The IoE has the potential to save $10 billion per year in waste management, thanks to connected garbage cans with sensors that tell trucks if they’re full or empty. The technology could have a positive effect on the cost of lighting streets as well, by reducing energy consumption up to 70 percent.

2014 will be pivotal year for the IoE and connected machines, Chambers added. No longer a technology concept on the periphery, IoE’s mindshare has grown considerably among business and government leaders alike over the past year. For example, Chambers said that at last year’s CES, he likely would have had to explain what the IoE is. Today, that’s no longer true.

Chambers thinks the impact of the IoE will exceed even the invention of the World Wide Web. In 2010, there were 10 billion or so connected devices. That number is predicted to grow to 50 billion by 2020, which “is probably way too low,” said Chambers. By 2017, he expects the IoE “will be five to 10 times more impactful in one decade than the whole Internet to date has been.”

Hola, Internet of Everything!

At one point during Chambers’ keynote, Forbes noted that he showed a video featuring Sarah Silverman talking about the IoE and how she “can totally see how this is going to change my entire life,” after which Chambers called the comedian, actor and writer onto the stage to join him.

Silverman told the audience, “I’m here to talk to you about the new Internet of Everything. It’ll cook your food for you, drive your car and make you more interesting. … And if you order it now, you will get a free set of Ginsu knives.”

A second, more serious video followed about fifteen minutes later, featuring the city of Barcelona, Spain, and how it has put the IoE into practice in the real world. Afterward, the city’s deputy mayor, Antoni Vives, came out on stage to tell the audience about how Barcelona has become a smart city.

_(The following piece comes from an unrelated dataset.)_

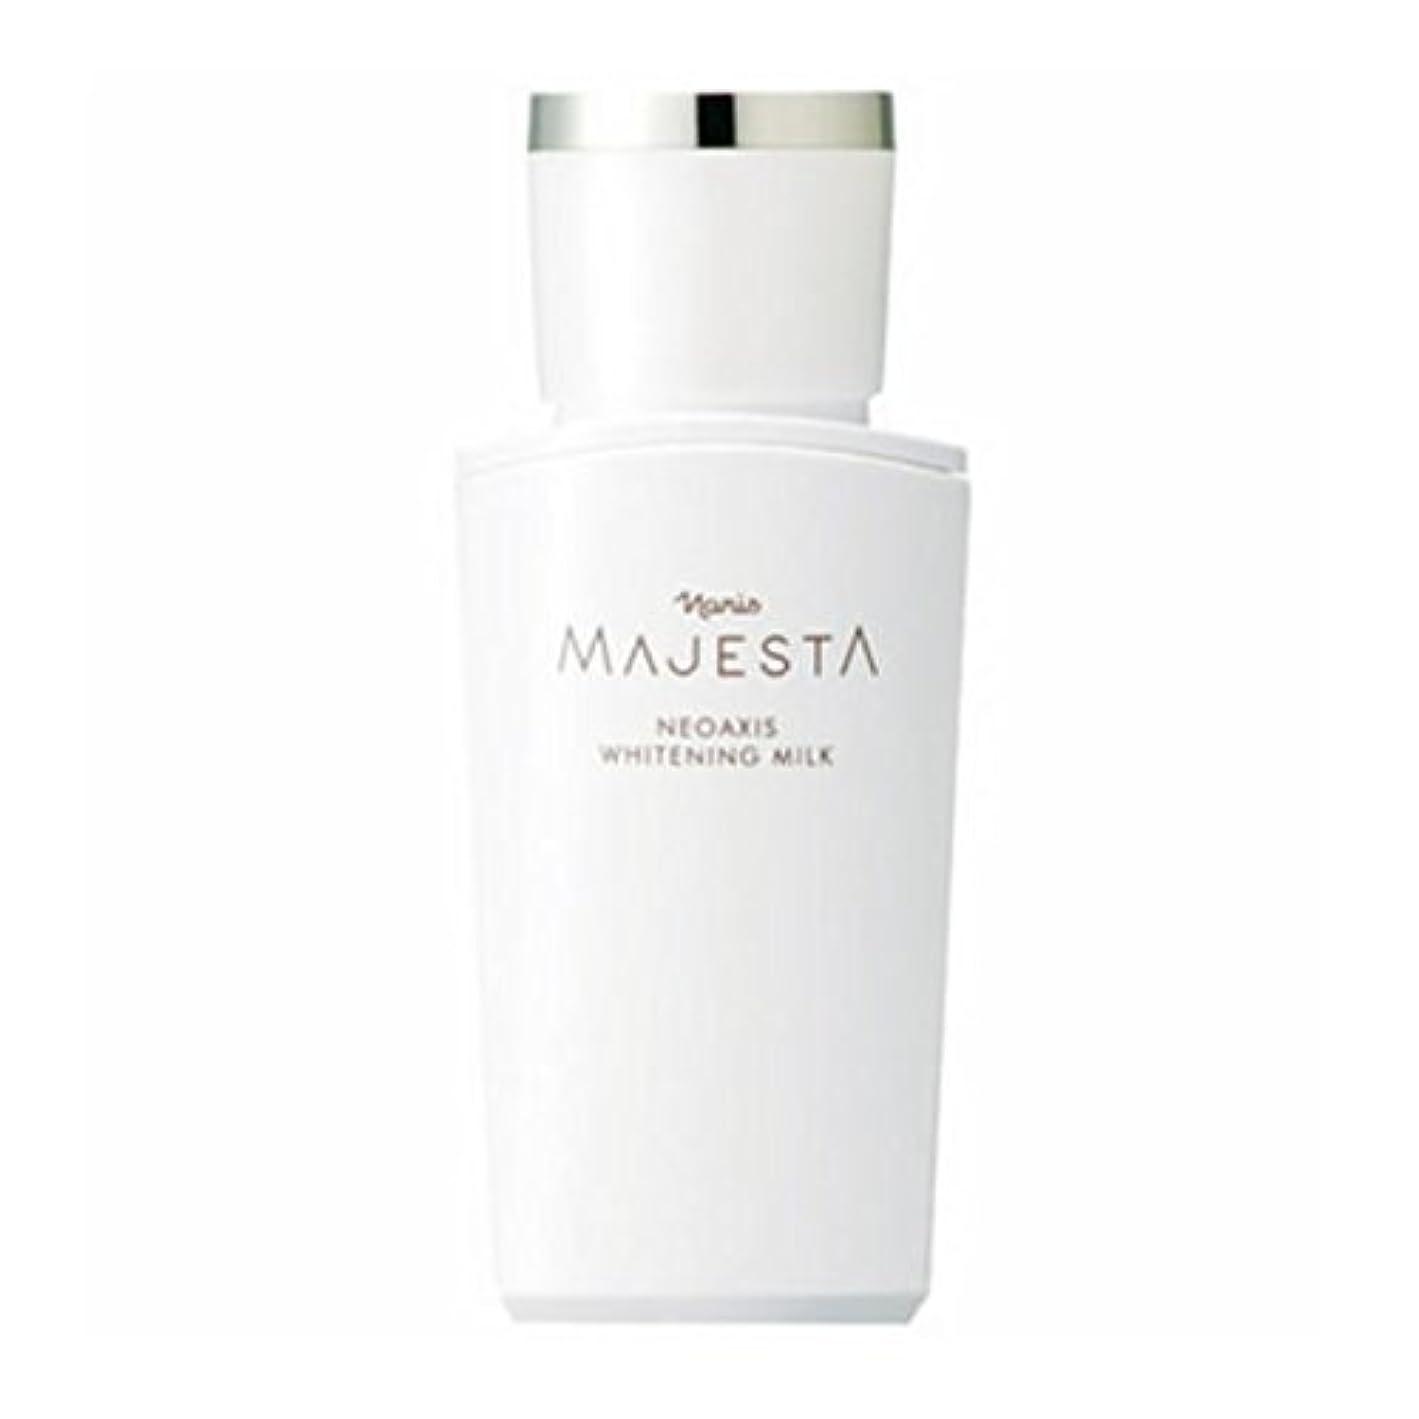 タイプライター傑作違反するナリス化粧品 マジェスタ ネオアクシス ホワイトニング ミルク (薬用 美白乳液) 80ml

“We've been working on the concept for a while because we're obsessed with the quality of life of our people,” Vives said. He then went through several brick-and-mortar examples of how the IoE is already impacting the lives of Barcelona citizens for the better. He spoke of how smart water is saving the city $58 million a year, for instance, and how Barcelona has increased parking fee revenue by $50 million, thanks to networkable smart devices. Vives added that Barcelona has created 47,000 new jobs through these and other smart city initiatives.

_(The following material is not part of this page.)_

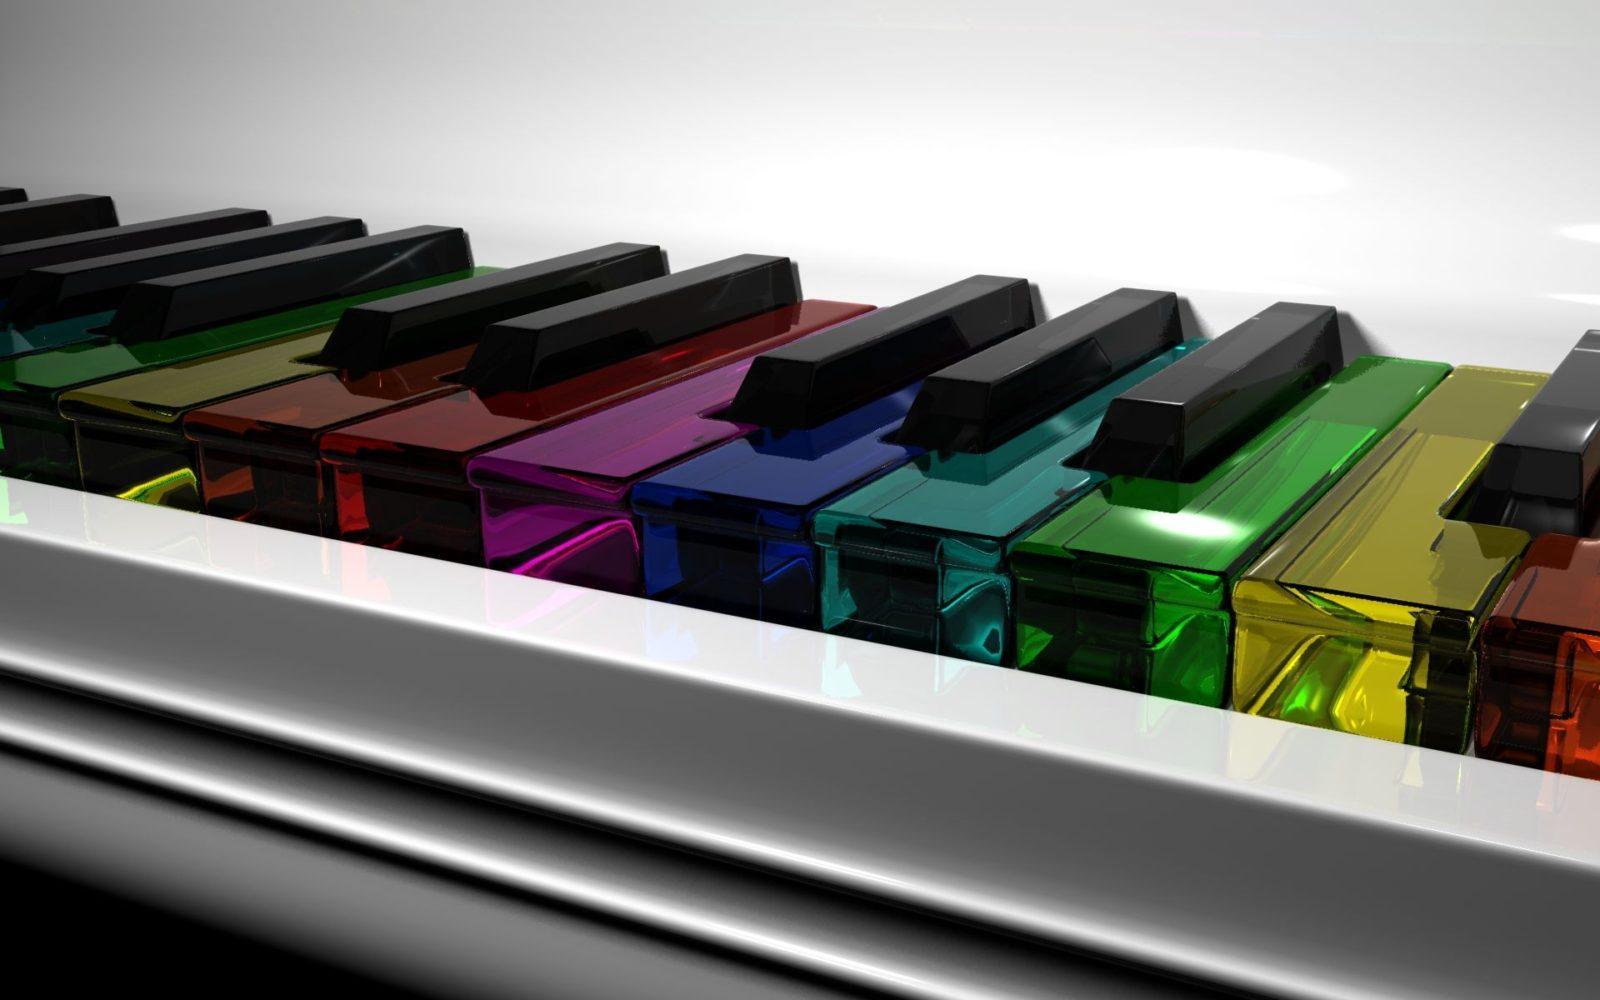 Музыкальное оборудование: клавишные инструменты

The IoE is now the backbone of all of Barcelona’s tech initiatives, making the city a leader in its application worldwide, according to Vives. “We get 180 official visits per year. Once every two days, I have a mayor of another city in my office,” he explained.

The IT Response

In discussing how IT shops will need to respond to the new IoE economy, Chambers said, “It’s going to be a new kind of IT. It’s going to, first of all, have to be very simple to use.” So IT leaders should prioritize services that can be deployed quickly — say, in a week — rather than offer those that take months or longer to develop.

Last month, Cisco became a founding member of the AllSeen Alliance, an organization tasked with helping to make this prioritization as easy and seamless as possible. Created under the auspices of the Linux Foundation, the purpose of the alliance is to develop an open-source framework for interoperability that would assist in fulfilling the IoE’s promise for business, IT and real-world consumers.

While clearly the result of advances in technology in a number of different areas (such as RFID, wireless, data, miniaturization), the IoE “will be bigger than anything that’s ever been done in high tech in a decade,” Chambers said, as it “is not about technology at all” — rather, “it’s about how it changes peoples’ lives.”

“We used to think, if you have connectivity, that would do the job. But that doesn’t work,” Chambers said. “You have to get the right data to the right device at the right time, to the right person or machine, to be able to make the right decision.”

In Chambers’ view, the IoE is the engine enabling these smarter connections to happen.